* Supplied material:
§ §

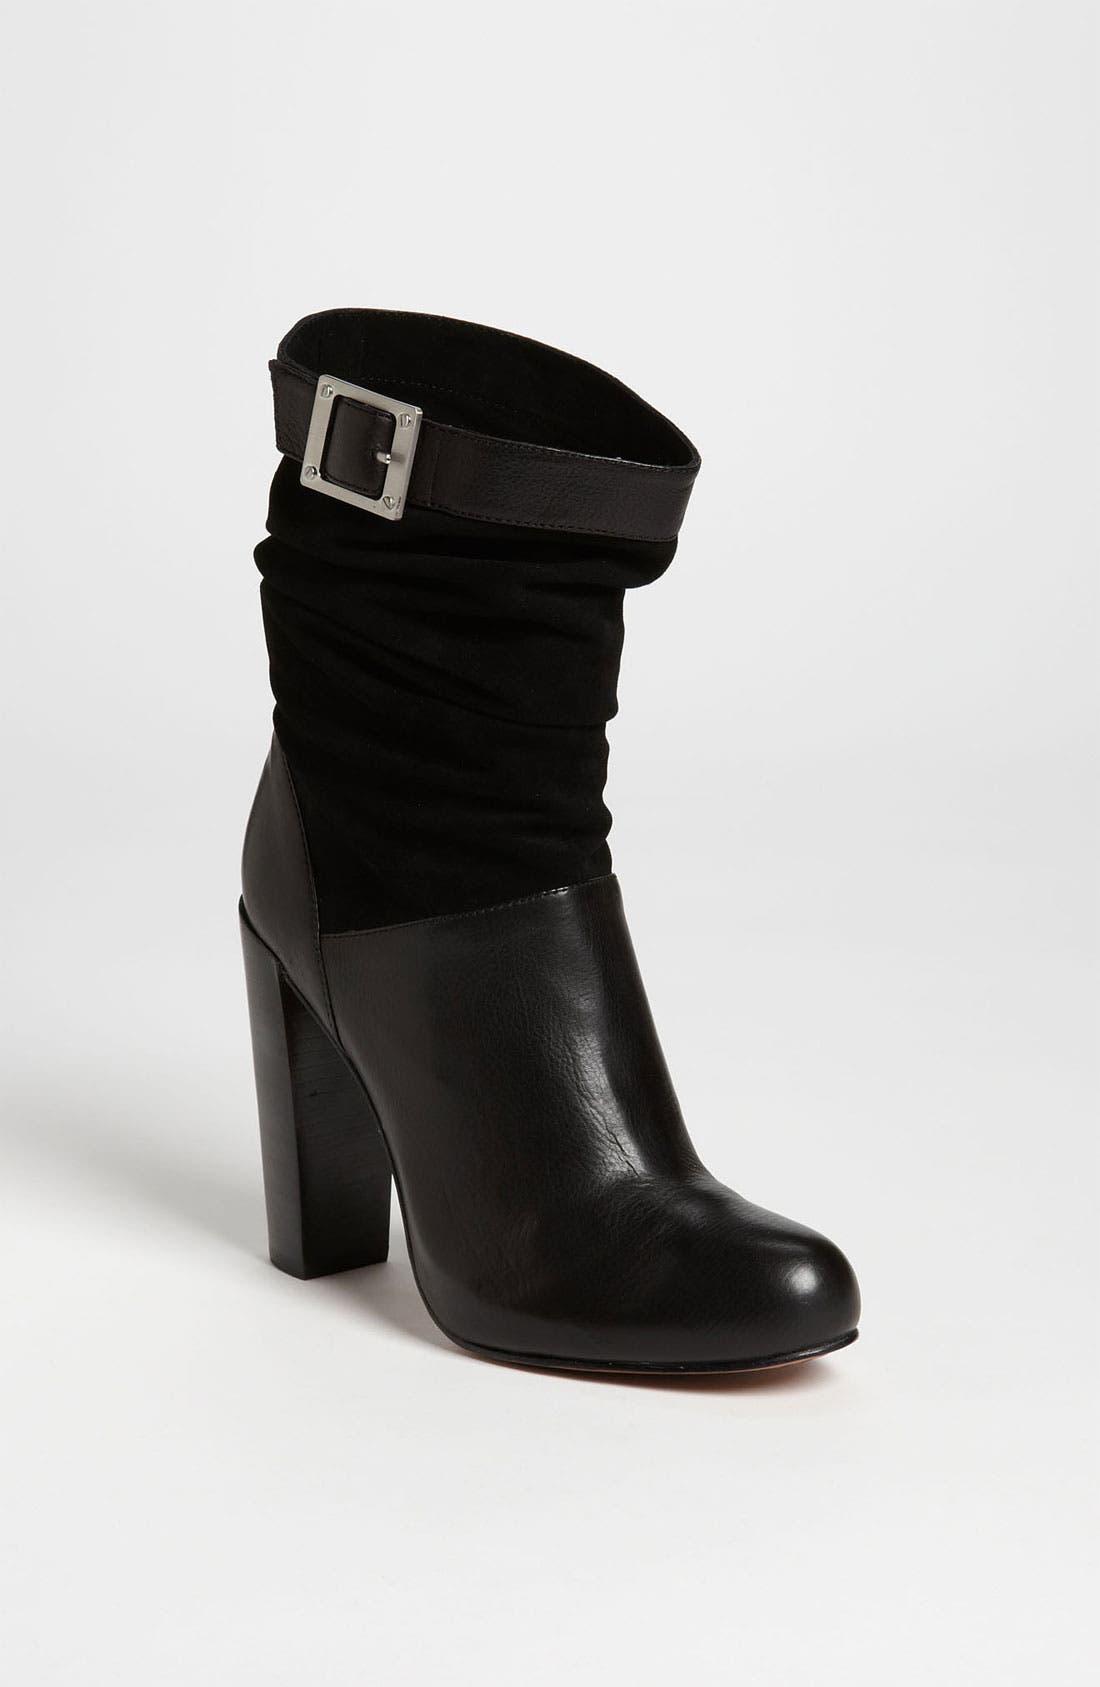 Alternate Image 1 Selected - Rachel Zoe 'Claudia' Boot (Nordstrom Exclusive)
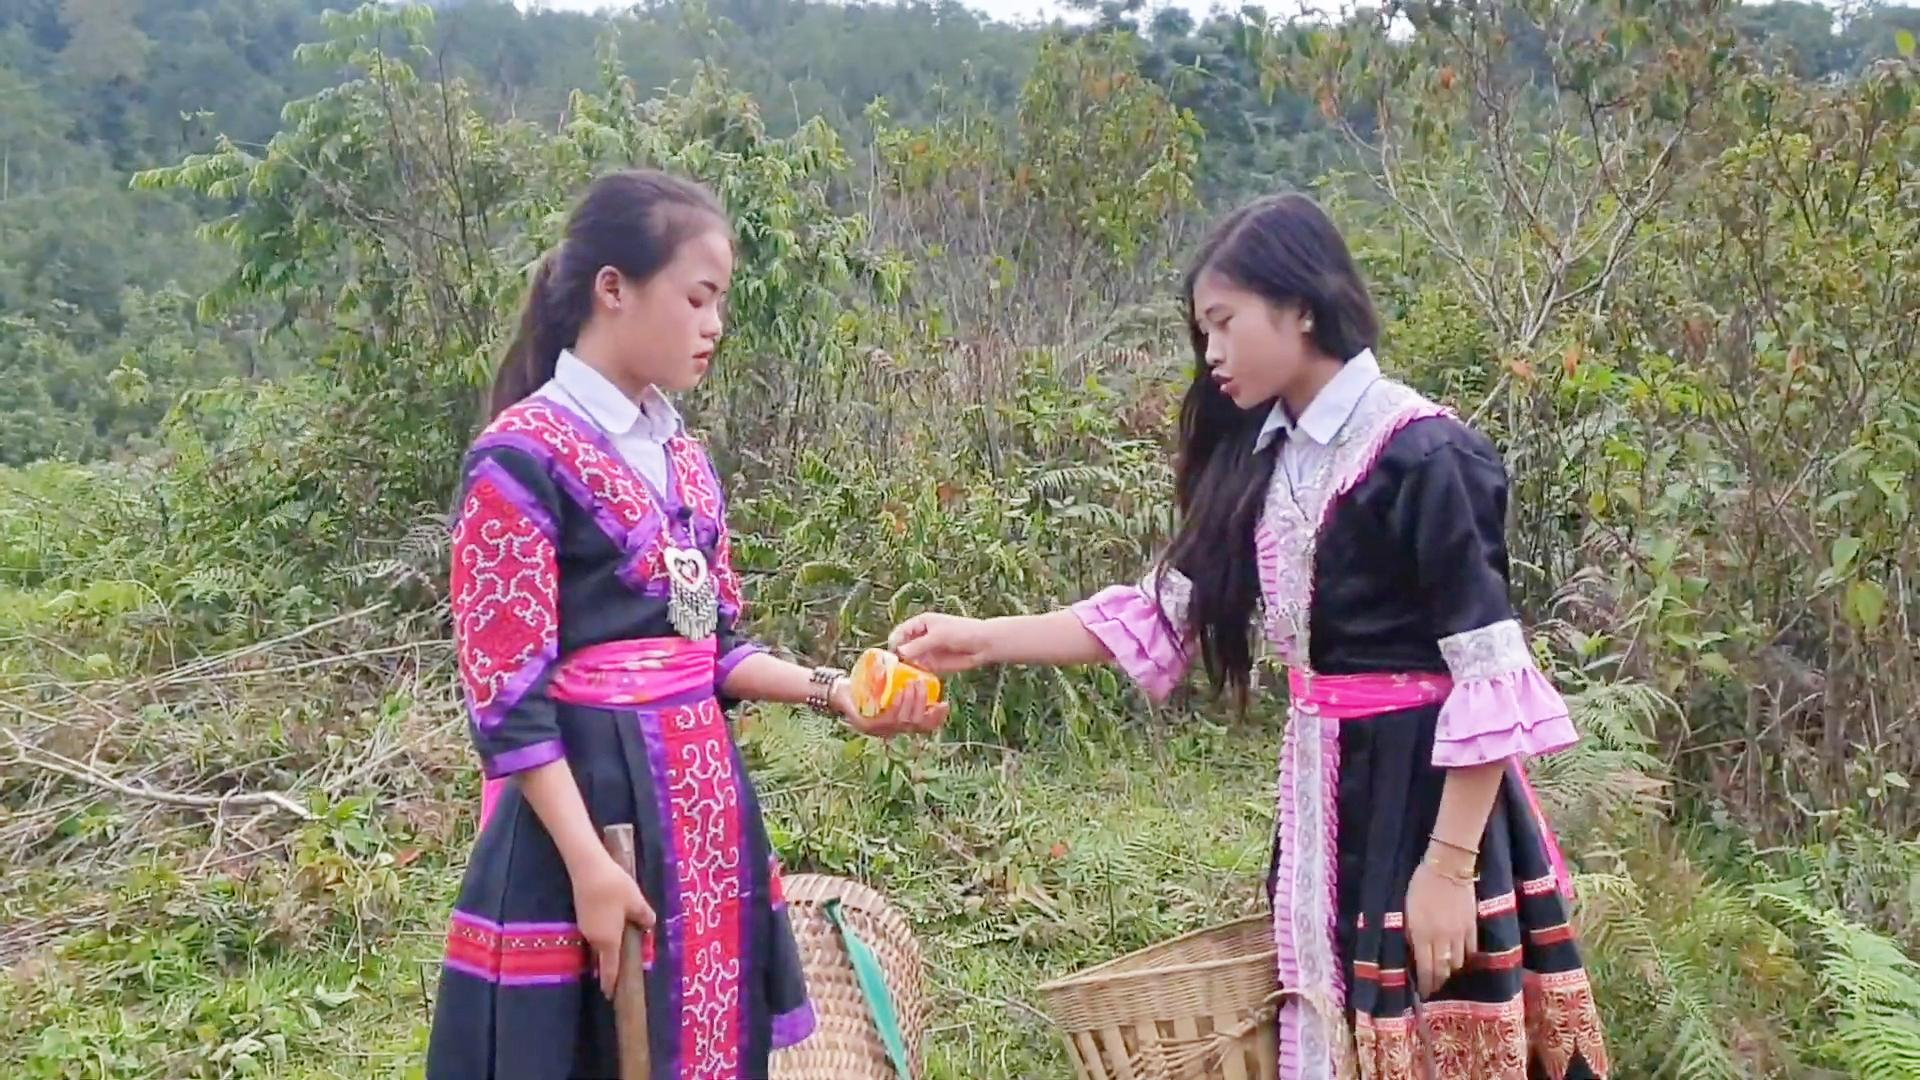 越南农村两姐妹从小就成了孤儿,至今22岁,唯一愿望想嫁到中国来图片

§ §

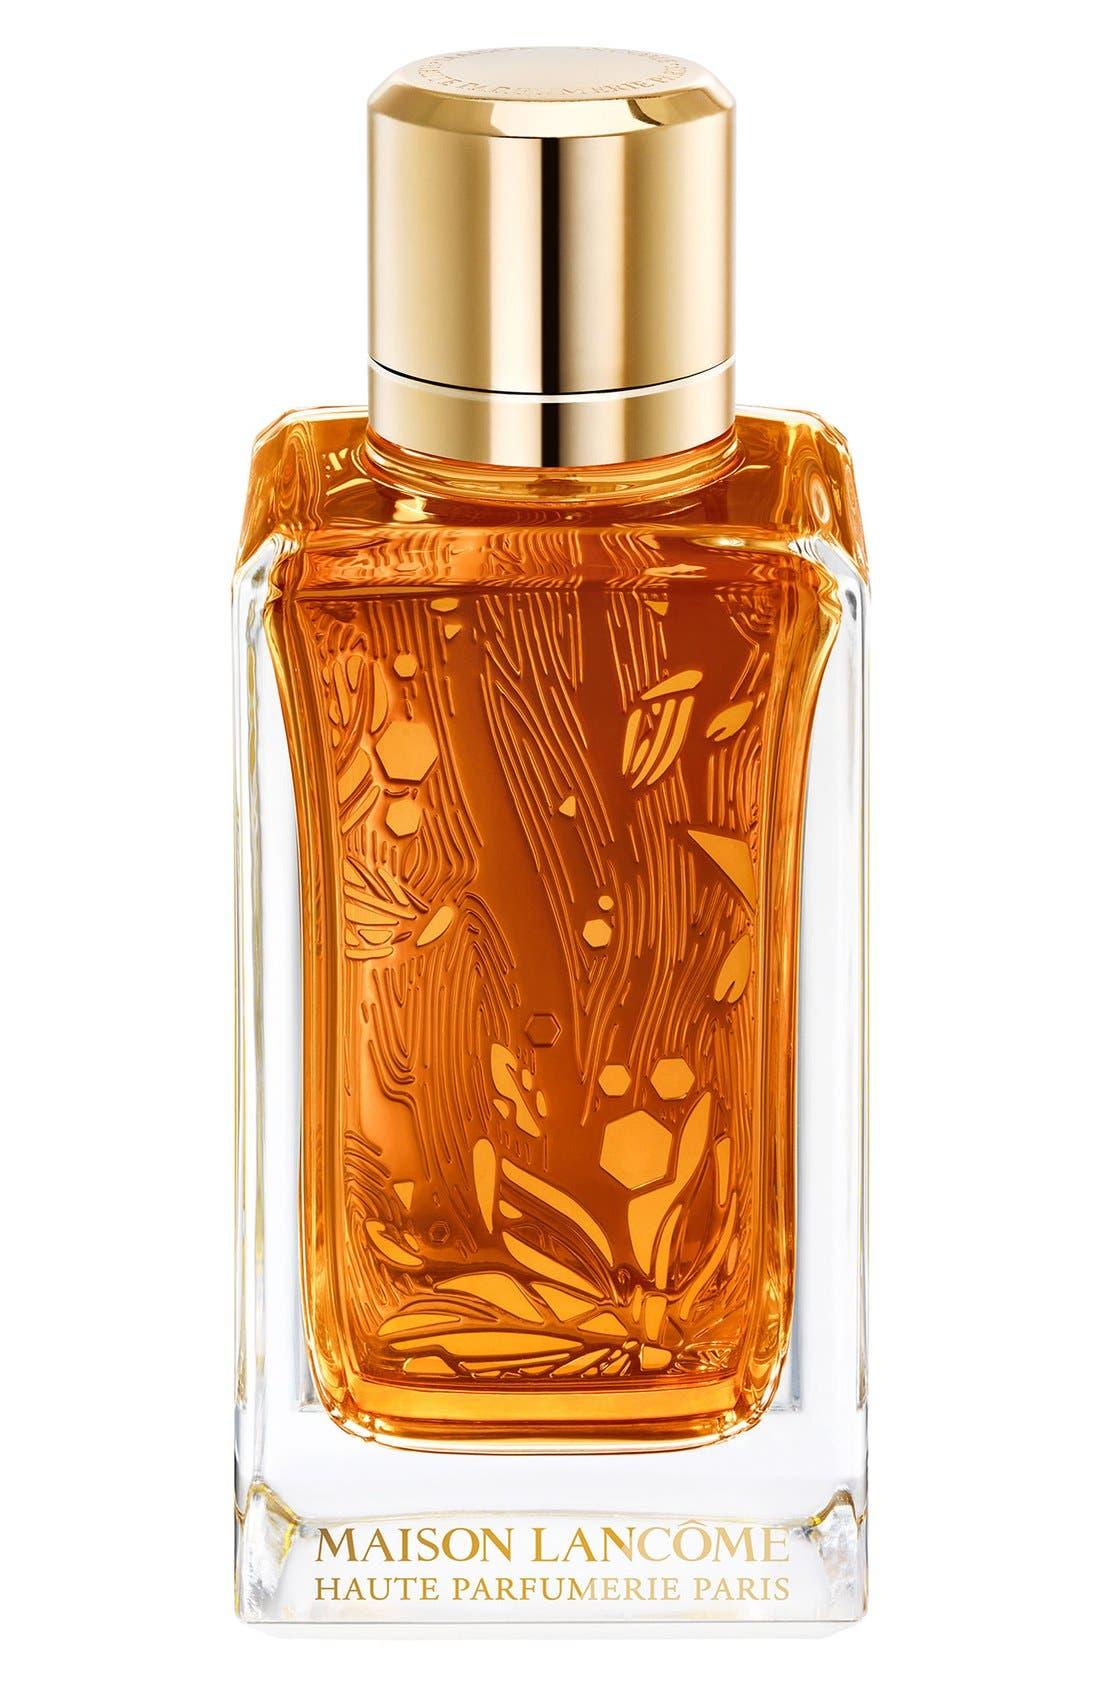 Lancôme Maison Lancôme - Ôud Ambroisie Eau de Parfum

§ §

* Exercise goal:
Return exactly the stretch above whose first line contains "Alternate Image 1" and whose last line contains "越南农村两姐妹从小就成了孤儿,至今22岁,唯一愿望想嫁到中国来图片", and nothing outside it. The pictures should not appear.

* Response:
 Alternate Image 1 Selected - Rachel Zoe 'Claudia' Boot (Nordstrom Exclusive)
 越南农村两姐妹从小就成了孤儿,至今22岁,唯一愿望想嫁到中国来图片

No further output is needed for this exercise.